Christopher Boyes, Michael Hedges, Michael Semanick & Tony Johnson The Hobbit: The Desolation of Smaug
Skip Lievsay, Greg Orloff & Peter F. Kurland Inside Llewyn Davis
Andy Koyama, Beau Borders & David Brownlow Lone Survivor
Tim Webber, Chris Lawrence, David Shirk & Neil Corbould Gravity – And once more, because duh.
Joe Letteri, Eric Saindon, David Clayton & Eric Reynolds The Hobbit: The Desolation of Smaug
Christopher Townsend, Guy Williams, Erik Nash & Dan Sudick Iron Man 3
Tim Alexander, Gary Brozenich, Edson Williams & John Frazier The Lone Ranger
Roger Guyett, Patrick Tubach, Ben Grossmann & Burt Dalton Star Trek Into Darkness
WRITING: ADAPTED SCREENPLAY
Richard Linklater, Julie Delpy, Ethan Hawke Before Midnight
Billy Ray Captain Phillips
Steve Coogan & Jeff Pope Philomena
John Ridley 12 Years a Slave – Ridley keeps the period dialog and it’s the perfect touch that keeps 12 Years afloat.
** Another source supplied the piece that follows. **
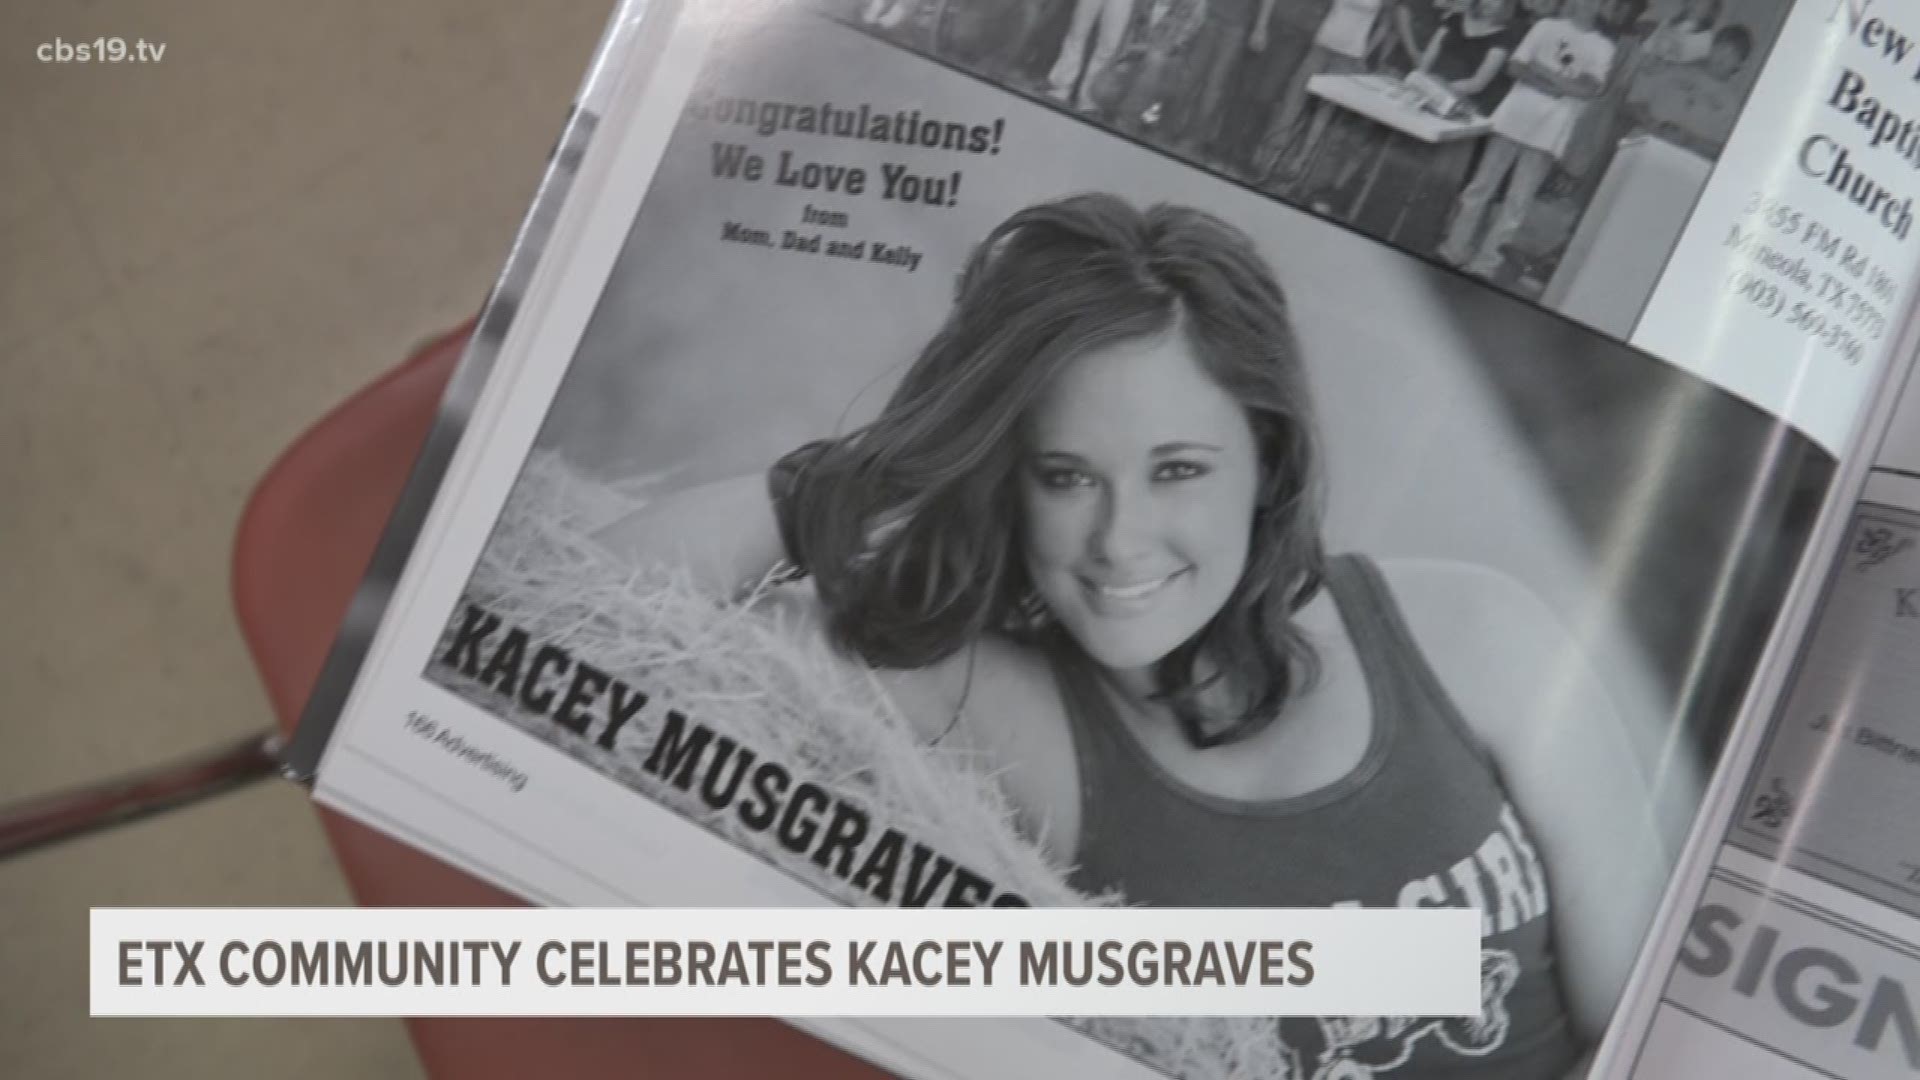 Kacey Musgraves took home 4 Grammy awards Sunday night, including the top prize of the night, Album of the Year. Mineola, where Kacey grew up was buzzing about her win and some of her teachers even spoke about Kacey growing up.

It manages to make the movie feel less dramatic and more documentary. It’s a style and cadence of language that American viewers rarely hear, and it lends authenticity to a movie loaded with authenticity.
Terence Winter The Wolf of Wall Street
WRITING: ORIGINAL SCREENPLAY
Eric Warren Singer & David O. Russell American Hustle
Woody Allen Blue Jasmine
Craig Borten & Melisa Wallack Dallas Buyers Club
Spike Jonze Her
Bob Nelson Nebraska – Nebraska felt like home to me. My family is originally from South Dakota and I have spent time in these living rooms, had these conversations, witnessed these arguments and behaved this way. Every word rings authentic and true, and that is not an easy thing to do. Sometimes I feel that invoking reality is much harder than creating fantasy because the critics are much harsher and have more firepower. A conversation I commonly had over Nebraska was how true to life it was. That’s quite a hallmark in my book.